Much like Uprooted, Spinning Silver is a captivating tale of power, destruction, and control. These women have been raised to live in confines of what benefits the men in their lives. Spinning Silver sees Miryem, Irina, and Wanda take control of their agency by breaking the boundaries of the confines that bound them and doing so in a manner that reflects their anger at the hand dealt to them. However, while much of this book is eerily dark and atmospheric, there is also a sense of hope carried throughout the novel. This hope is carried by the women determined to carve about a better life for themselves and their loved ones and the price they’re willing to pay to secure their safety and freedom. This book does not rely on the prince charmings of the world to save the day but celebrates the resourcefulness and collaboration of women. 

As the nights get longer and the cold sets in, Spinning Silver is a haunting tale that will captivate readers from the off-set. With a richly imaginative setting, Spinning Silver is the perfect companion on these winter nights.

Rating: 4 Stars

What did you think of Spinning Silver?
Have you read any of Naomi Novik’s books?


About the Book

Summary
Miryem is the daughter and granddaughter of moneylenders, but her father’s inability to collect his debts has left his family on the edge of poverty–until Miryem takes matters into her own hands. Hardening her heart, the young woman sets out to claim what is owed and soon gains a reputation for being able to turn silver into gold.

When an ill-advised boast draws the attention of the king of the Staryk–grim fey creatures who seem more ice than flesh–Miryem’s fate, and that of two kingdoms, will be forever altered. Set an impossible challenge by the nameless king, Miryem unwittingly spins a web that draws in a peasant girl, Wanda, and the unhappy daughter of a local lord who plots to wed his child to the dashing young tsar.

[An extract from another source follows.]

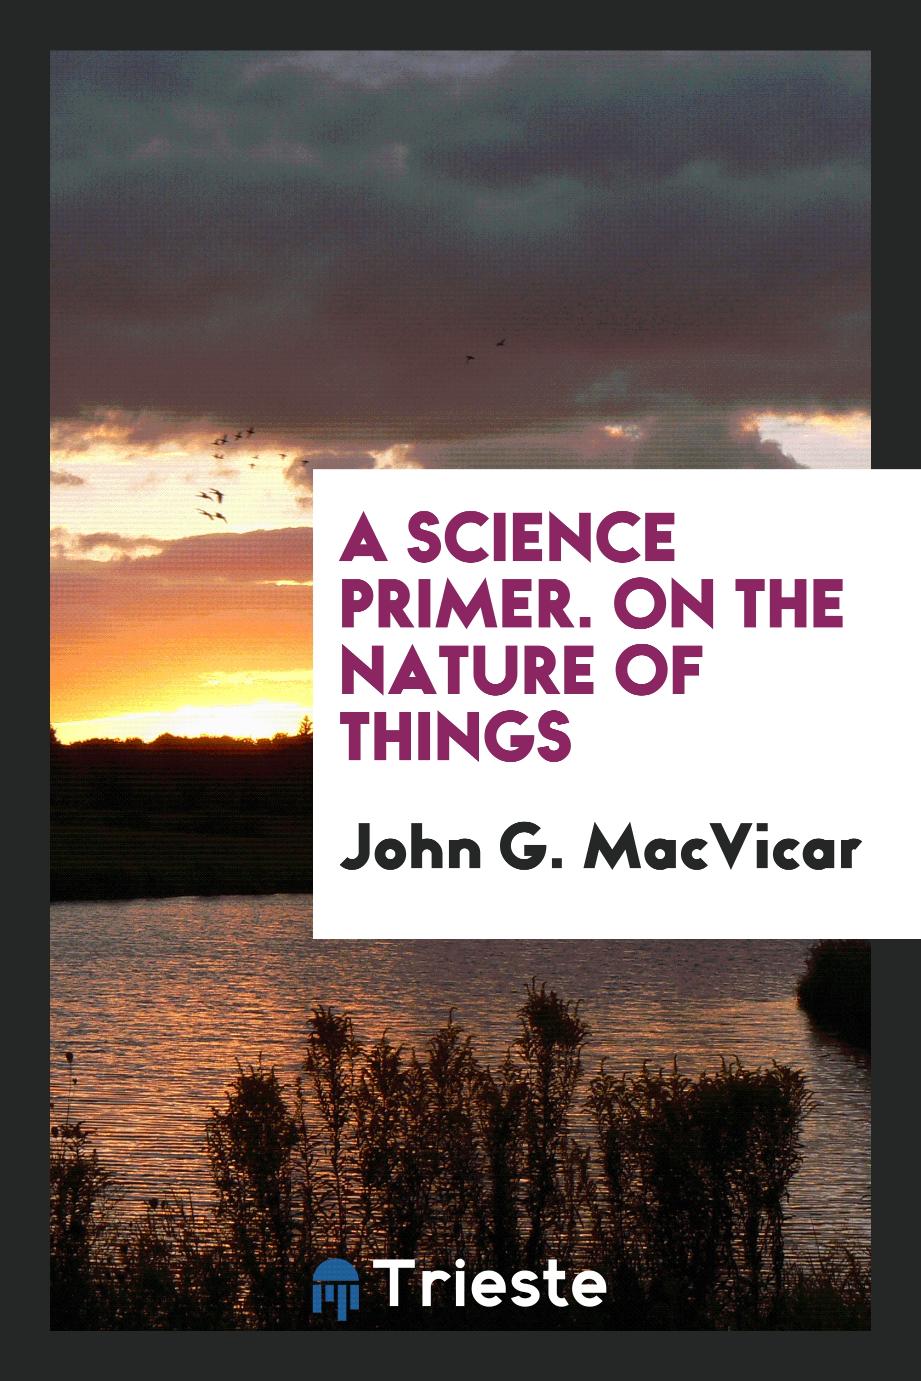 A Science Primer. On the Nature of Things

But Tsar Mirnatius is not what he seems. And the secret he hides threatens to consume the lands of humans and Staryk alike. Torn between deadly choices, Miryem and her two unlikely allies embark on a desperate quest that will take them to the limits of sacrifice, power, and love.

Channeling the vibrant heart of myth and fairy tale, Spinning Silver weaves a multilayered, magical tapestry that readers will want to return to again and again.

20 thoughts on “Book Review: Spinning Silver by Naomi Novik

  1. You finished a book AND you wrote a review!? Buddy, I’m proud of you!! The books sounds kind of up my alley, but let’s face it, I neither have the time nor resources to add any more books to my TBR haha still, I grew up with loads of Rumpelstiltskin stories, so this would be interesting.

    Liked by 1 person

    1. What’s gotten into me!? I think I’ve been possessed haha. I was hoping this one would be a hit and it’s a good book to read this time of year. Very atmospheric. How does anyone have the time to read these days. It’s a mystery to me. I think my next book needs to be in the 200 page range instead of 500+ haha.

      Liked by 1 person

  2. ahh.. i love this review !! I LOVE this line, “This book does not rely on the prince charmings of the world to save the day but celebrates the resourcefulness and collaboration of women.” 😍😍 I’ve always been intrigued by this as you don’t see many Rumpelstiltskin retellings so I think it could offer me a lot. I’ve also yet to read a Novik book so I need to do that at some point !! I love the sound of the themes and I love when fantasy tales have real-world issues linked throughout too!! Thank you for sharing !!

    Liked by 1 person

    1. The pacing can be a bit on the slow side, but it’s so immersive you don’t notice. This is the first Rumplestiltskin retelling I’ve read and it’s set the bar high for any future ones. The emphasis on sisterhood was brilliant.

      Liked by 1 person

    1. It’s rare I read retellings these days too, but this one was such a loose retelling it can easily stand as its own entity without the Rumplestiltskin comparison.

      Like

  3. Sounds like another wonderful book by Noami Novik. I’ve been curious about her stuff before but they seem to garner mixed thoughts depending on the reader’s experience with fantasy. I’m glad you enjoyed this one a lot! My only experience so far with Rumpelstiltskin was actually from the first seasons of Once Upon a Time hahah Great review, Lois!